Provided entries:

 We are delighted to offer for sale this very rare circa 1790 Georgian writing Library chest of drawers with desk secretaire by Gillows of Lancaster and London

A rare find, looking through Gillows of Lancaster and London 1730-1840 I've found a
--
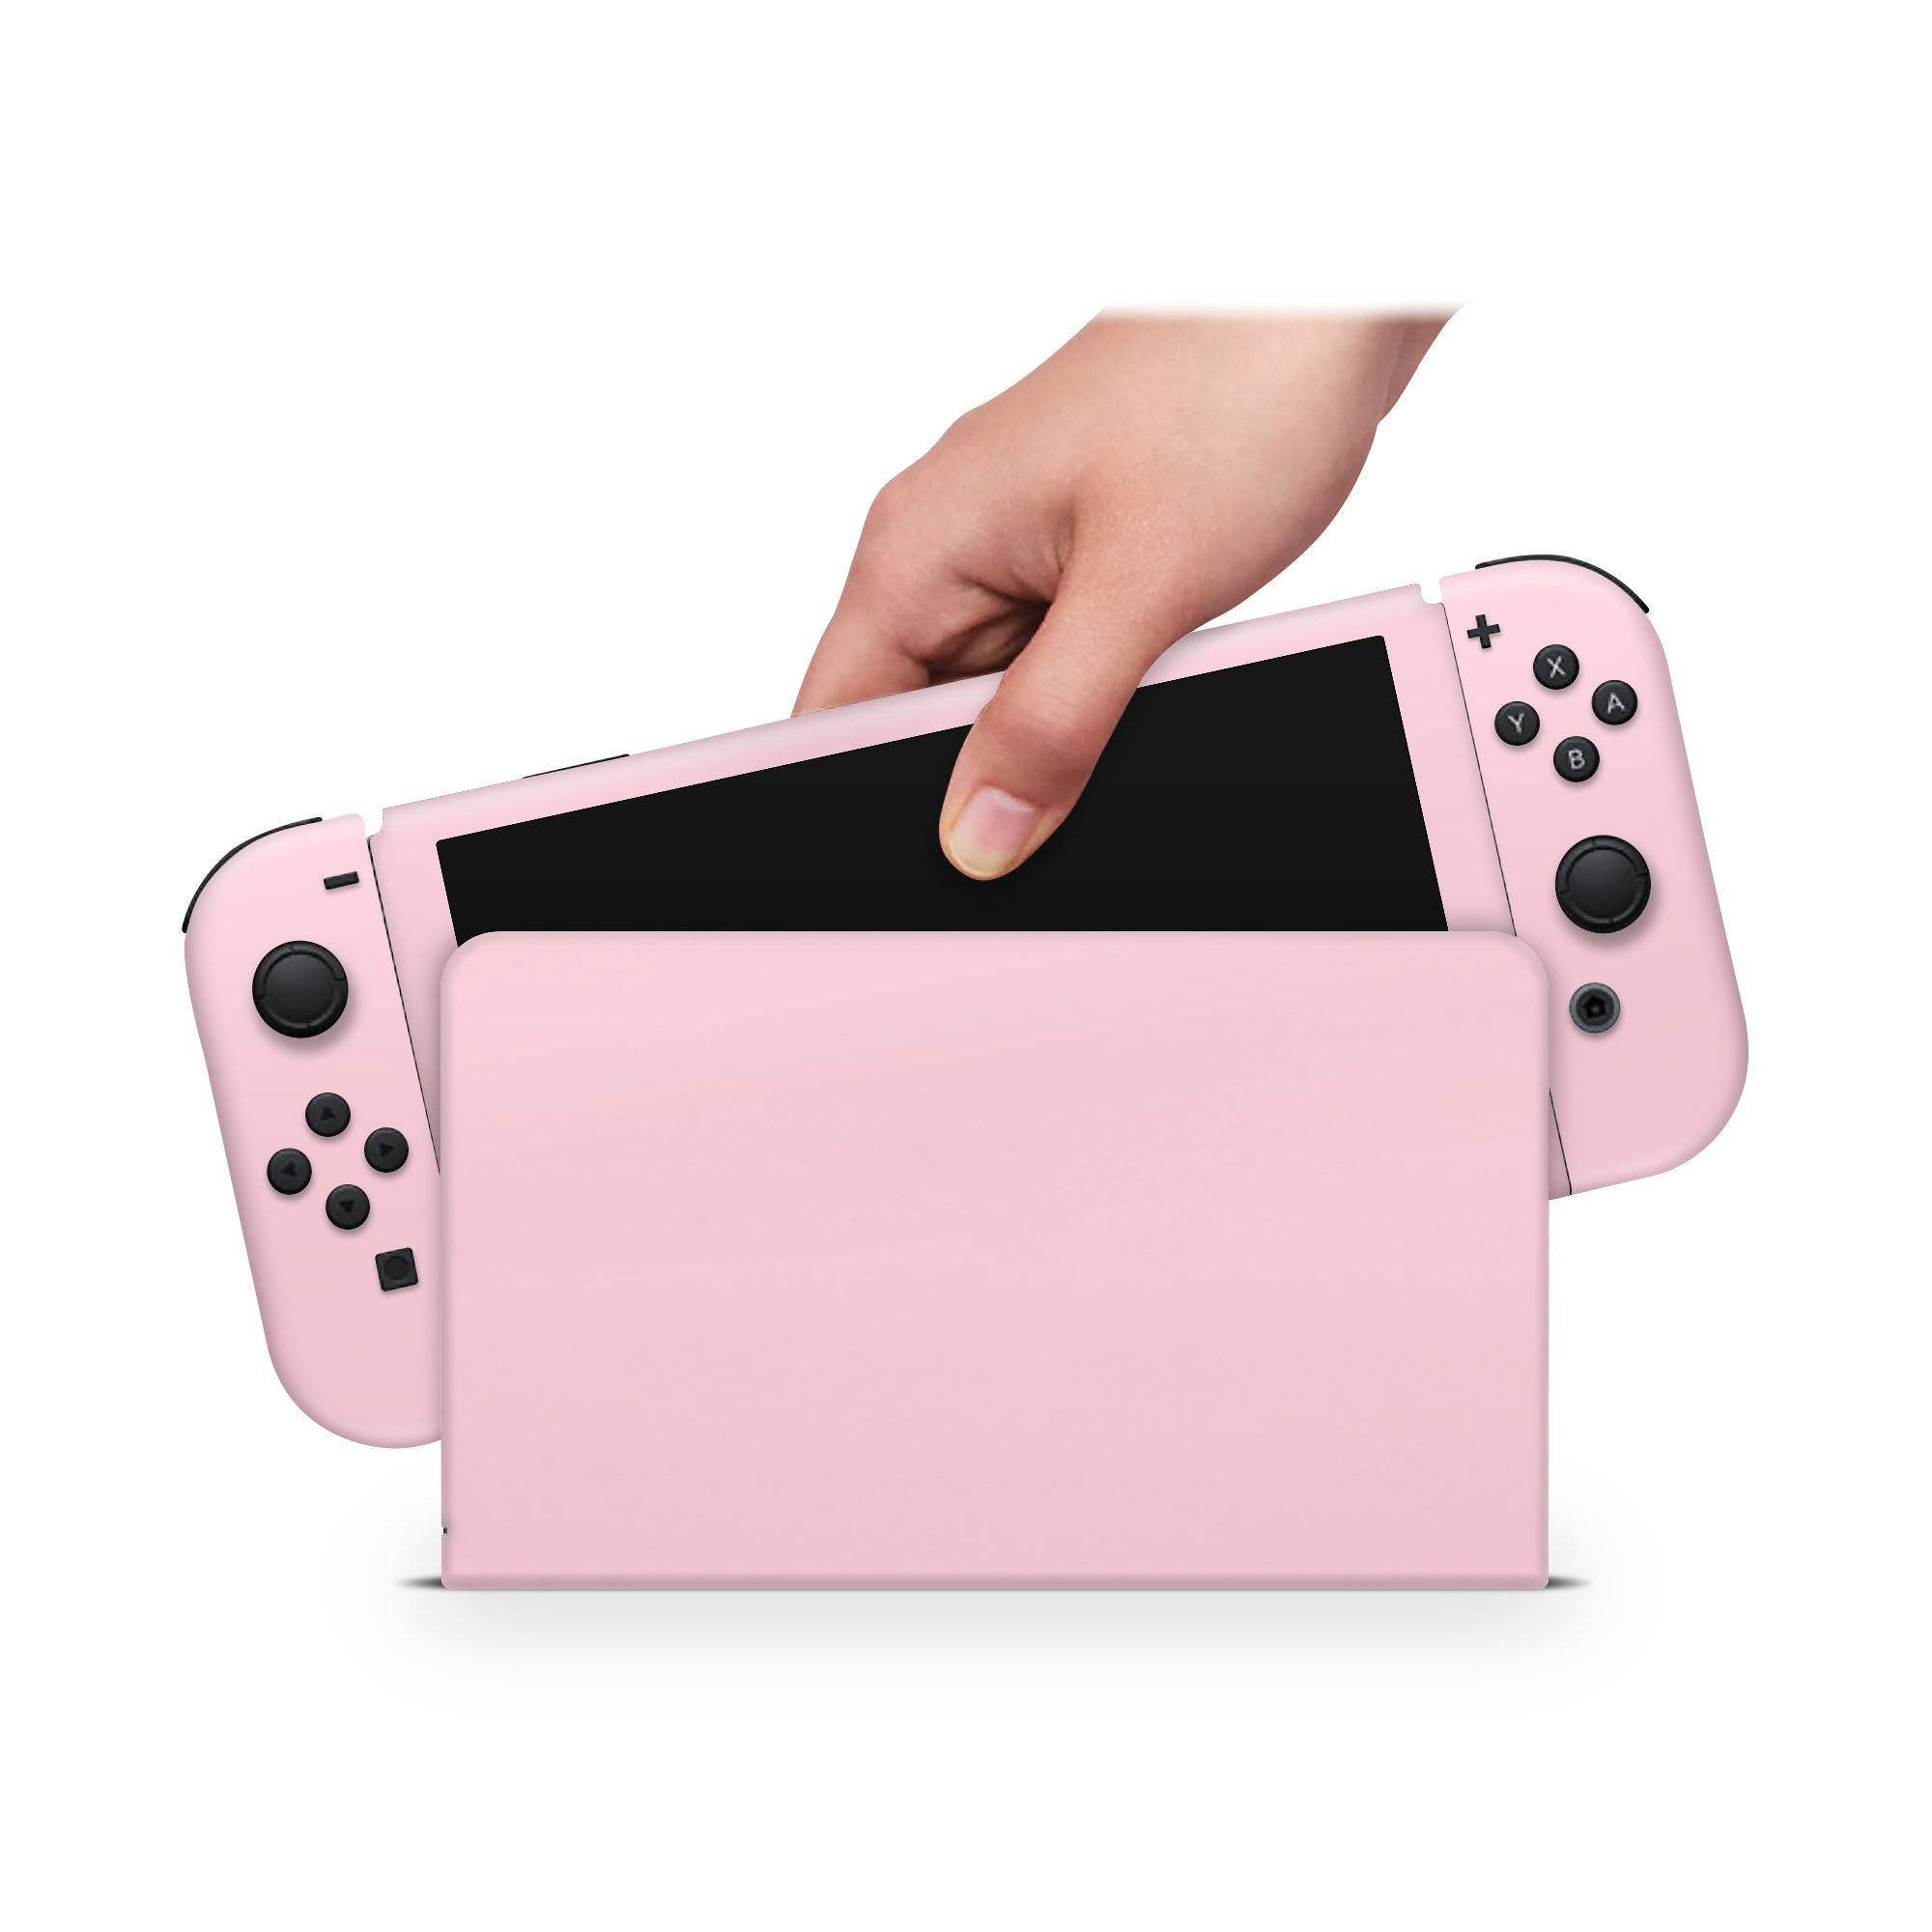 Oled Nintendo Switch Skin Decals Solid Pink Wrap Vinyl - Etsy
* * *
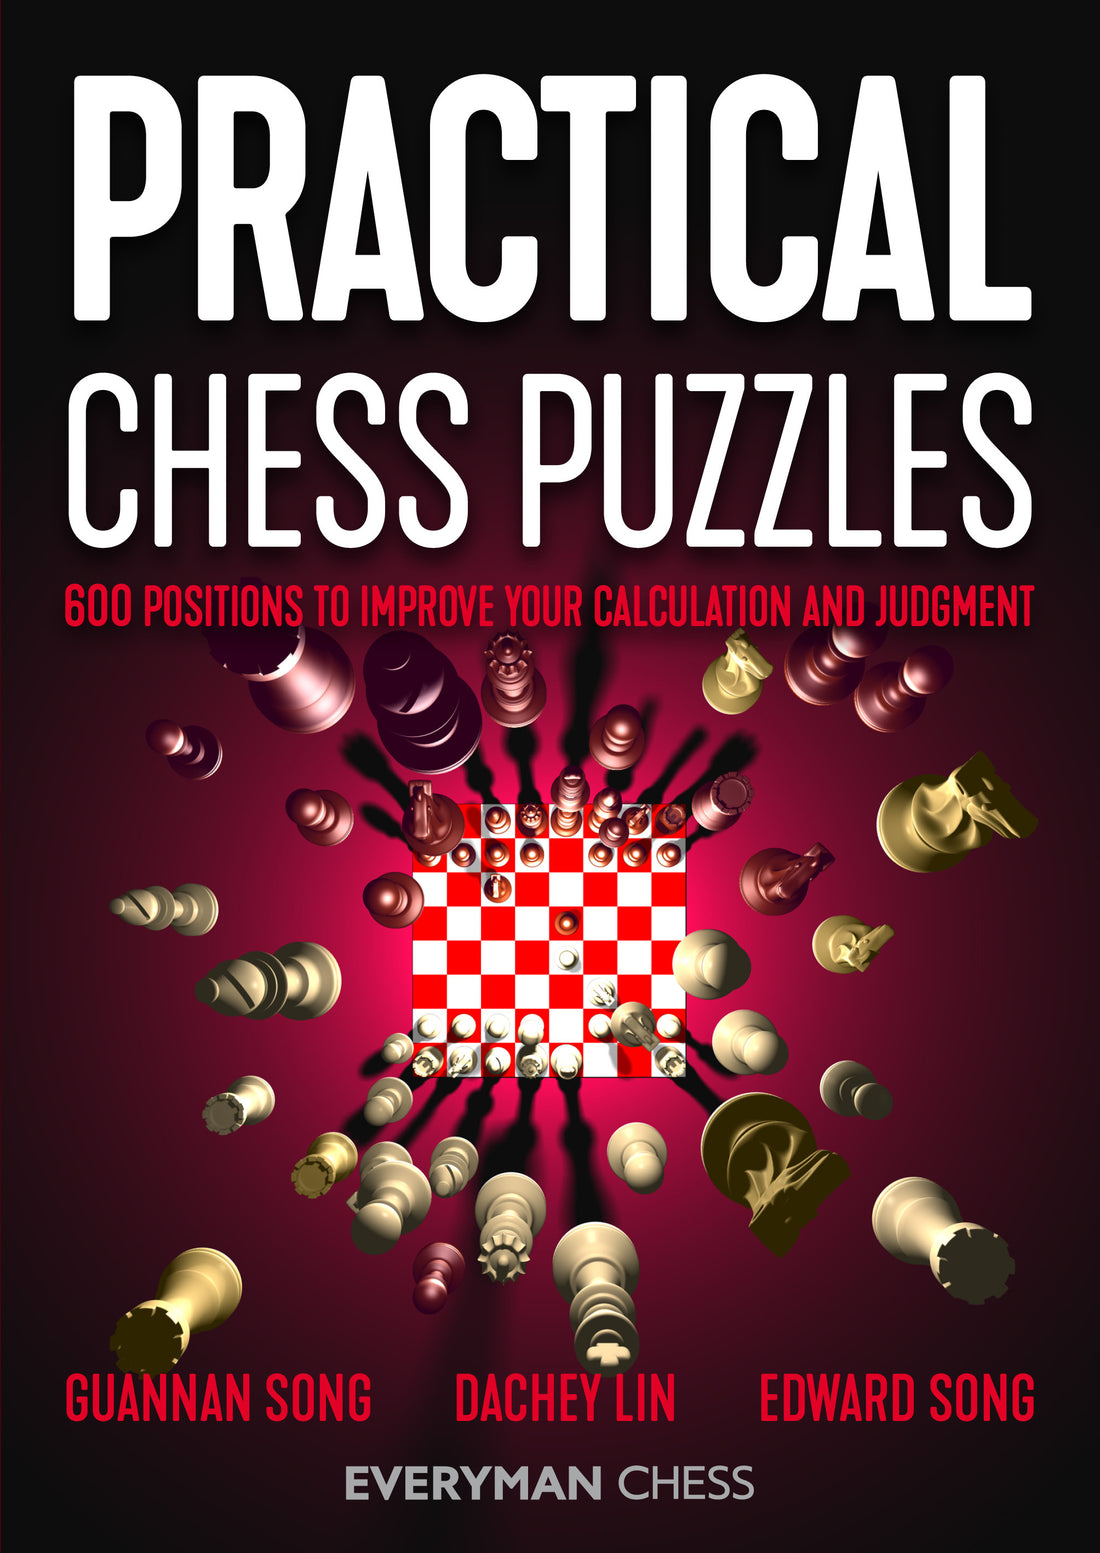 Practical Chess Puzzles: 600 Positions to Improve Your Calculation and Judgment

Task statement:
Compute the number of lines above that contain the string "Lancaster". Reply with that value only.

Answer to this problem:
2